Here's a book I grabbed off the shelves when I really only came for Big Swiss. Every time I'm in a book store, I look for the books I want a copy of that I don't have yet -- books by Kingfisher, the Emily Wilde series, Foz Meadows. I'll get them all one of these days, but that might end up being online shopping. These aren't well-stocked authors apparently.

I read the author's note before getting into it, and found out it's meant to be a children's book. Strange that she published under Kingfisher when she's got entire adult series under the same name. I worried that a children's book meant the wittiness I love about Kingfisher would be somehow not there, but I worried for nothing, it was there.

I'd also hoped that maybe just maybe the setting was the same as in the Paladin/Clockwork series... but it wasn't. The wizards are suspiciously like miracle workers, and the city-states are suspiciously like those in Paladin. Even the Duchess seemed suspiciously like the Dowager (who's only really mentioned by name, and with a lot of distance from the characters in Paladin, so who knows what she's really like in proximity).

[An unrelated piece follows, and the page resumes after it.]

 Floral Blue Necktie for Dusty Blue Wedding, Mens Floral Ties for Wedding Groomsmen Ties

Mona was a character I could like. Honestly all the main characters in Kingfisher's books are relatable and likeable, the only exception being Swordheart (and who knows if the audiobook had a great deal to do with how unlikeable they were, but I suspect a tremendous deal). For how consistently I like her main characters, there's got to be something about them all that are kind of same-ish. Could it be a bad thing craft-wise? For instance, Mona is always very aware of her limitations, and she has zero delusions about how heroic and grand she could actually be. No delusions for a fourteen-year-old seems almost unrealistic, actually. Another fantasy with teenage heroes would always take themselves entirely seriously. And why not? As ambitious as teenage heroes are, their ambitions work out, the world takes them seriously, they have no reason to believe they can't do anything. In that sense, Mona is ridiculously realistic about her scope as a singular young person. At the end where she's angry about being forced to be a hero because the adults responsible didn't do anything to stop evil, there's something so mature about that that I don't think real teenagers are. Certainly as a teenager, everything felt like my fault or my responsibility, even when they really weren't. It was strange to read Mona reiterating how fourteen she is and how limited she is by being fourteen, but I didn't hate it. Even if it's not realistic.

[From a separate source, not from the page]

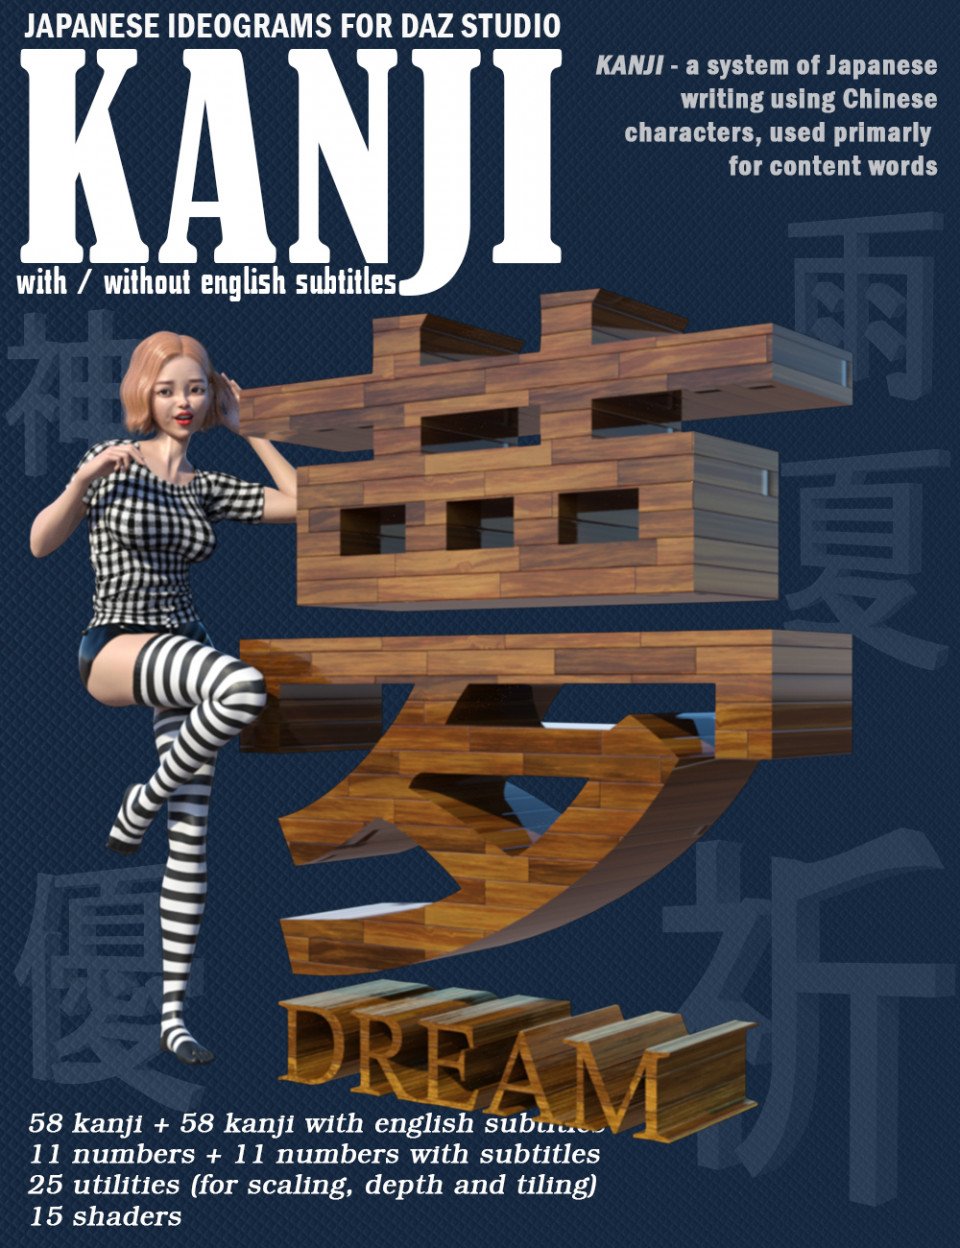 KANJI – Japanese Ideograms for DAZ Studio_DAZ3DDL

While in the middle of reading, when I still had the idea that maybe if I didn't enjoy it every last bit I could return it to the bookstore, I was reading while eating (big mistake) and got food on it. And oops I guess I can't return it (the terms stipulate that it must be pristine). I think I'd still keep it, even though I don't know if I liked it enough to ever reread it. I'm just an uncritical Kingfisher fan, maybe any book by her is worth keeping.